14. Sentencing is a discretion of the court. But the court should look at the facts and the circumstances of the case in it’s entirely so as to arrive at appropriate sentence. The Court of Appeal in Thomas Mwambu Wenyi v Republic [2017] eKLR cited the decision of the Supreme Court of India in Alister Anthony Pereira v State of Mahareshtra at paragraph 70-71 where the court held the following on sentencing:“Sentencing is an important task in the matter of crime. One of the prime objectives of the criminal law is imposition of appropriate, adequate, just and proportionate sentence commensurate with the nature and gravity of crime and the manner in which the crime is done. There is no straight jacket formula for sentencing an accused person on proof of crime. The courts have evolved certain principles: twin objective of sentencing policy is deterrence and correction. What sentence would meet the ends of justice depends on the facts and circumstance of each case and the courts must keep in mind the gravity of the crime, motive for the crime, nature of the offence and all other attendant circumstances. The principle of proportionality in sentencing a crime doer is well entrenched in criminal jurisprudence. As a matter of law, proportion between crime and punishment bears most relevant influence in determination of sentencing the crime doer. The court has to take into consideration all aspects including social interest and consciousness of the society for award of appropriate sentence.”
15. Also in the case of Francis Karioko Muruatetu & Another v Republic (Supra) where the Supreme Court stated the guidelines and mitigating factors in a re-hearing on sentence were discussed. The judiciary has also developed Judiciary Sentencing Policy Guidelines lists the objectives of sentencing at page 15 paragraph 4. 1 which should be considered.
16. A glimpse of the Applicant’s application clearly calls for a re-hearing of the sentence imposed. Article 50 (2) (p) of the constitution provides as follows: Every accused person has the right to a fair trial, which includes the right— (p) to the benefit of the least severe of the prescribed punishments for an offence, if the prescribed punishment for the offence has been changed between the time that the offence was committed and the time of sentencing; and
17. Article 50(6) further provides for conditions under which one can petition for a new trial, which in this case is a new trial only on sentence. The provision speaks in the following terms.(6)A person who is convicted of a criminal offence may petition the high court for a new trial if: -a.The person’s appeal, if any, has been dismissed by the highest court to which the person is entitle to appeal, or the person did not appeal within the time allowed for appeal; andb.New and compelling evidence has become available.
18. The foregoing provisions are instructive in matters brought before the high court for a new trial. The application before me seeks a new trial only on sentence. So that then my mandate is to view the application through the lens of Article 50 (2)(p) and (6) and determine whether the same is proper for a new trial only on sentence.
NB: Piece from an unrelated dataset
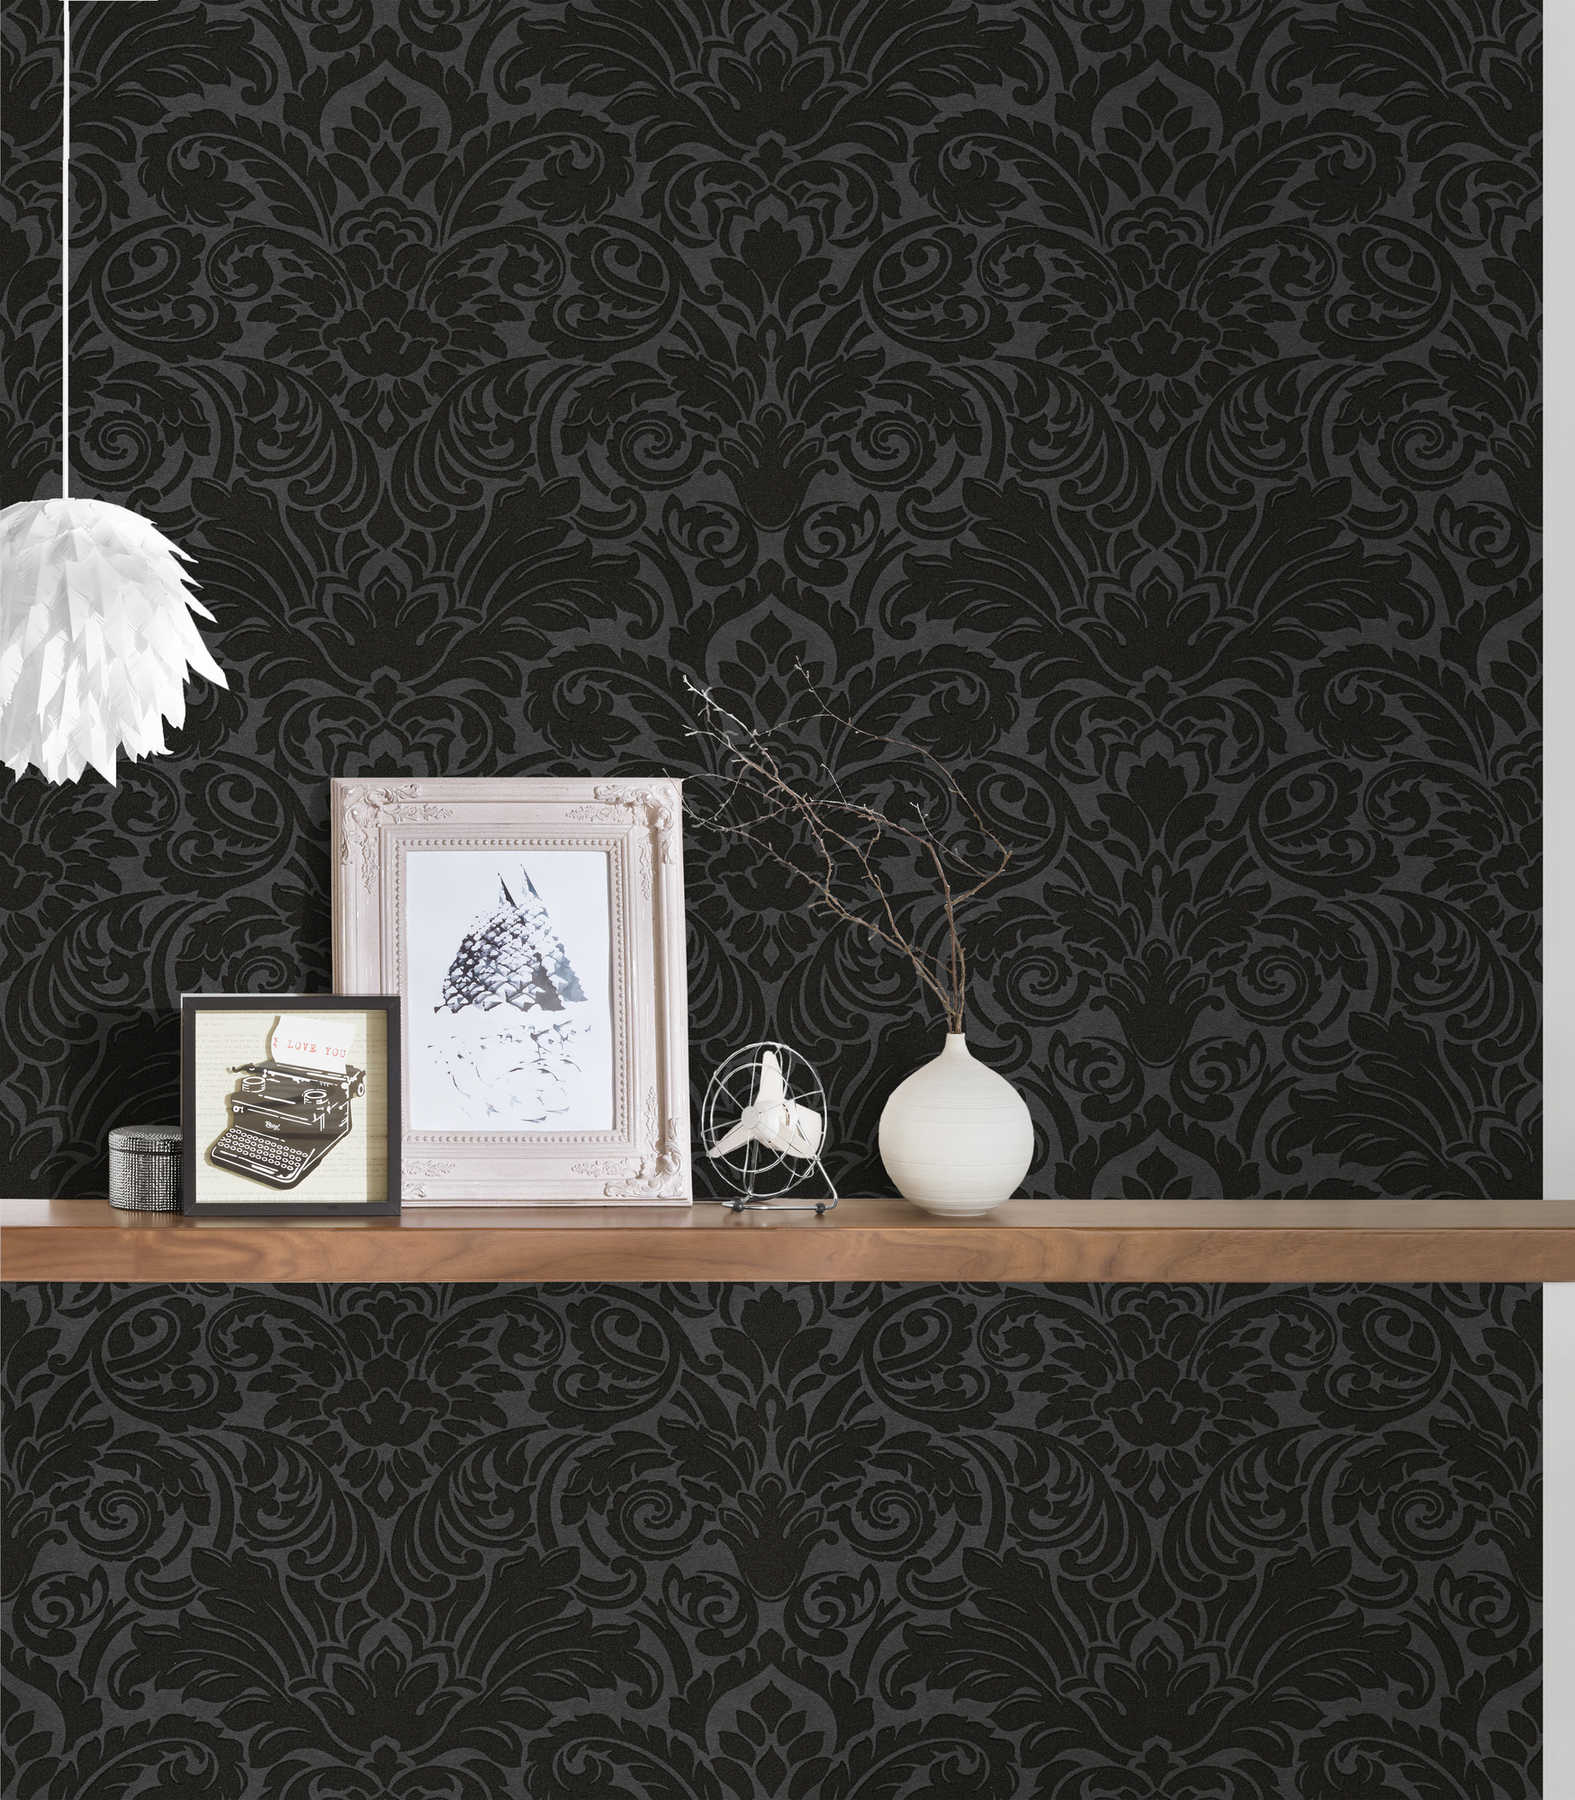             Ornament wallpaper metallic effect & floral design - silver, black

19. Has the application passed the test laid out in the foregoing legal provisions? Yes, I believe so. First, the applicant has exhibited that indeed his appeal was dismissed by a higher court and the court being conscious of the developments in our current jurisprudence on mandatory sentences i.e. the Muruatetu case. It then follows that the applicant ought to benefit from the least prescribed punishment as per the provisions of Article 50(2)(p).
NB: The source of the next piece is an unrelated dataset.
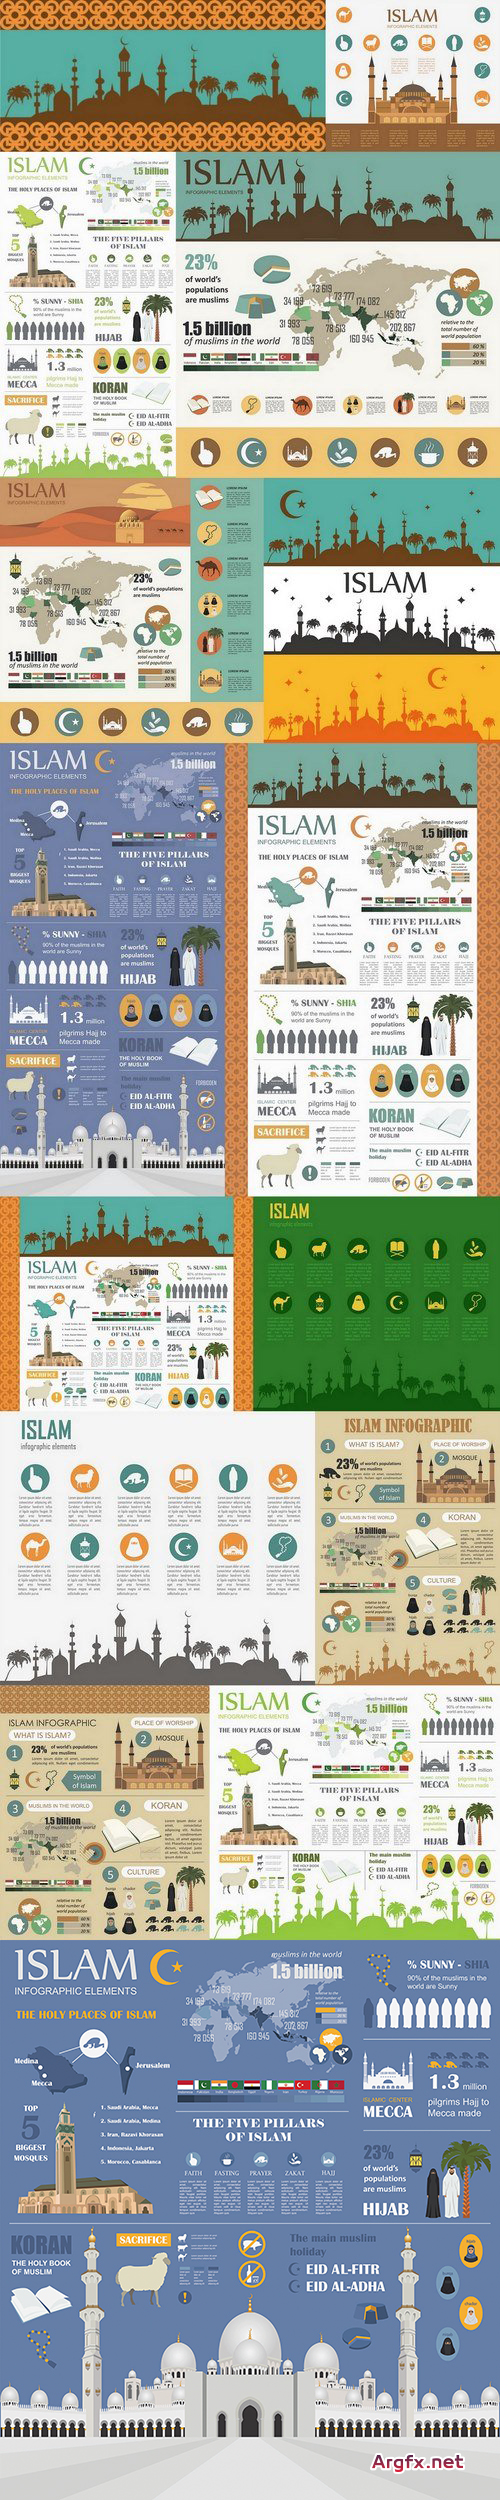  Islam infographic. Muslim culture 2

20. There are circumstances under which the court can alter or decline to vary the sentence meted out. That is entirely at the discretion of the court. I have gone through the record of the court’s decision in the criminal trial, the judgment and sentence. I have noted the circumstances under which the offence was committed. I have also read the sentencing record of the court. The petitioner’s offered mitigation which the court considered before it sentenced the petitioner to the only sentence then allowed in law. In other words, the mitigation did not mean anything and that is precisely what the Supreme Court called unfair trial since with or without mitigation the court would still impose death penalty.
21. I am of the considered view that life imprisonment is such indeterminate sentence that deprives one off humane treatment and courts are now embracing sentences that will achieve the objectives of sentencing. The Court of Appeal in the case of Manyeso v Republic (Criminal Appeal 12 of 2021) [2023] KECA 827 (KLR)“we are of the view that the reasoning in Francis Karioko Muruatetu & another v Republic [2017] eKLR equally applies to the imposition of a mandatory indeterminate life sentence, namely that such a sentence denies a convict facing life imprisonment the opportunity to be heard in mitigation when those facing lesser sentences are allowed to be heard in mitigation. This is an unjustifiable discrimination, unfair and repugnant to the principle of equality before the law under article 27 of the Constitution. In addition, an indeterminate life sentence is in our view also inhumane treatment and violates the right to dignity under article 28, and we are in this respect persuaded by the reasoning of the European Court of Human Rights in Vinter and others v The United Kingdom (Application Nos 66069/09, 130/10 and 3896/10) [2016] III ECHR 317 (9 July 2013) that an indeterminate life sentence without any prospect of release or a possibility of review is degrading and inhuman punishment, and that it is now a principle in international law that all prisoners, including those serving life sentences, be offered the possibility of rehabilitation and the prospect of release if that rehabilitation is achieved.
22. In R v Bieber [2009] 1 WLR 223 the Court of Appeal of the United Kingdom had held as follows:“The legitimate objects of imprisonment are punishment, deterrence, rehabilitation and protection of the public. Where a mandatory life sentence is imposed in respect of a crime, the possibility exists that all the objects of imprisonment may be achieved during the lifetime of the prisoner. He may have served a sufficient term to meet the requirements of punishment and deterrence and rehabilitation may have transformed him into a person who no longer poses any threat to a public. If, despite this, he will remain imprisoned for the rest of his life it is at least arguable that this is inhuman treatment…”.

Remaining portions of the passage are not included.